Она была благодарна этим бесцеремонным рукам и громкому голосу, который прогонял странную круговерть. Собрав все силы, Катерина приподняла налитые свинцовой тяжестью веки и сквозь разноцветное мельканье, которое никак не желало прекращаться, попыталась рассмотреть этого кого-то. Ей показалось, что среди ядовито розовых и ярко зеленых клякс проступило испуганное женское лицо.
-- Китти, не смей закрывать глаза! -- под спину Катерины Палны подсунули подушку, вынудив ее принять полусидячее положение. В губы сунулся носик поилки, наполняя рот отвратительно горьким питьем. Раскашлявшись от неожиданности, она сделала пару глотков.
-- Пей и не смей кривиться, несносная девчонка! Как ты могла сотворить такое? -- поильник снова ткнулся в губы, не давая Кате возможности ответить. Добившись того, чтобы все лекарство было благополучно выпито, женщина поднялась и направилась к дверям.

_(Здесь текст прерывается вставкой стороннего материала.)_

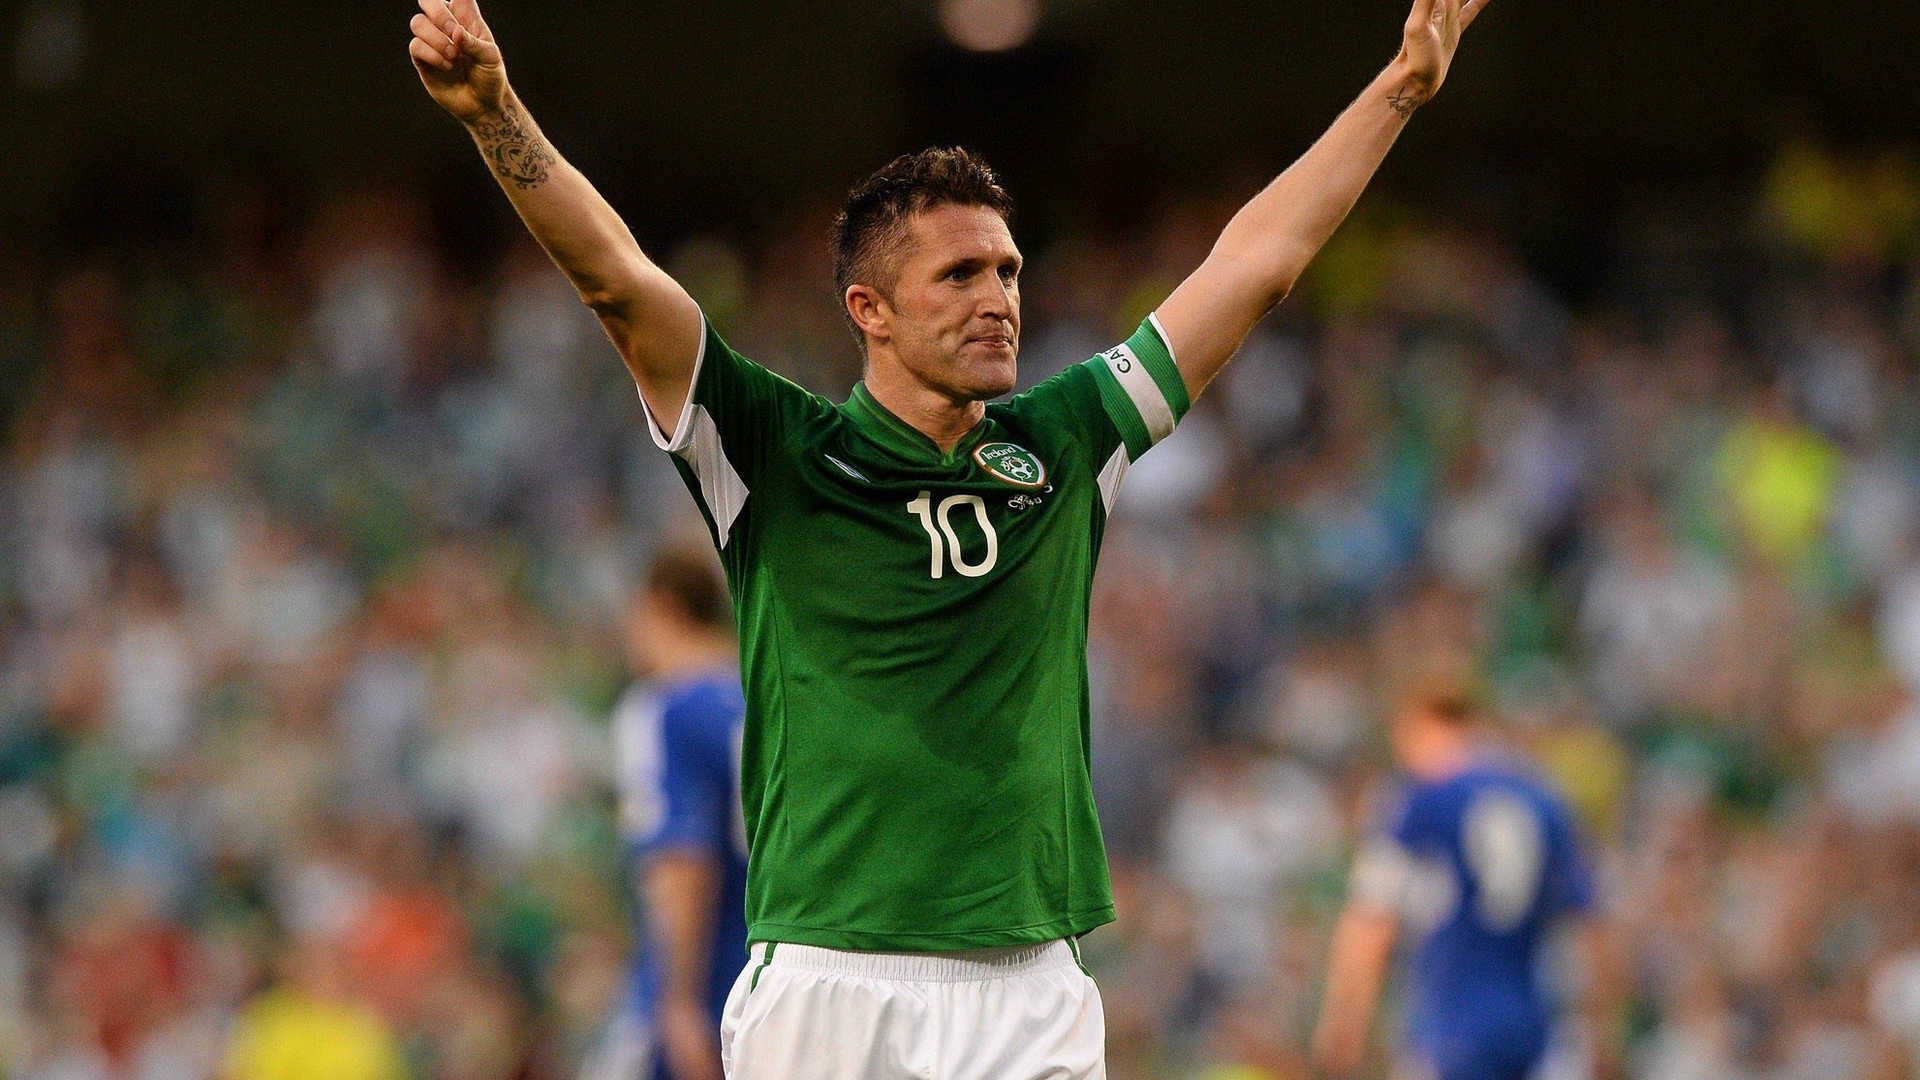 Wallpaper Robbie Keane, Football, La Galaxy - Robbie Keane Playing For Ireland - HD Wallpaper

-- Да, и не думай вставать, -- она уже взялась за ручку двери, но обернулась, давая указания хватающей воздух ртом Катерине. -- Ты достаточно наделала глупостей.
Мерзостный на вкус отвар оказался на редкость действенной штукой. Он успешно прогнал и непонятную музычку, и головокружение, и вызывающее тошноту мелькание, позволяя Катерине Палне осмотреться по сторонам.
Небольшая комната показалась ей очень уютной. Светлые стены, большое напольное зеркало, шторы, затканные гроздьями сирени, такой же балдахин над кроватью... Балдахин?! Протянув руку, Катя ухватилась за эту расшитую тряпку. Пальцы скользнули по шелковистой поверхности, убеждаясь в ее реальности.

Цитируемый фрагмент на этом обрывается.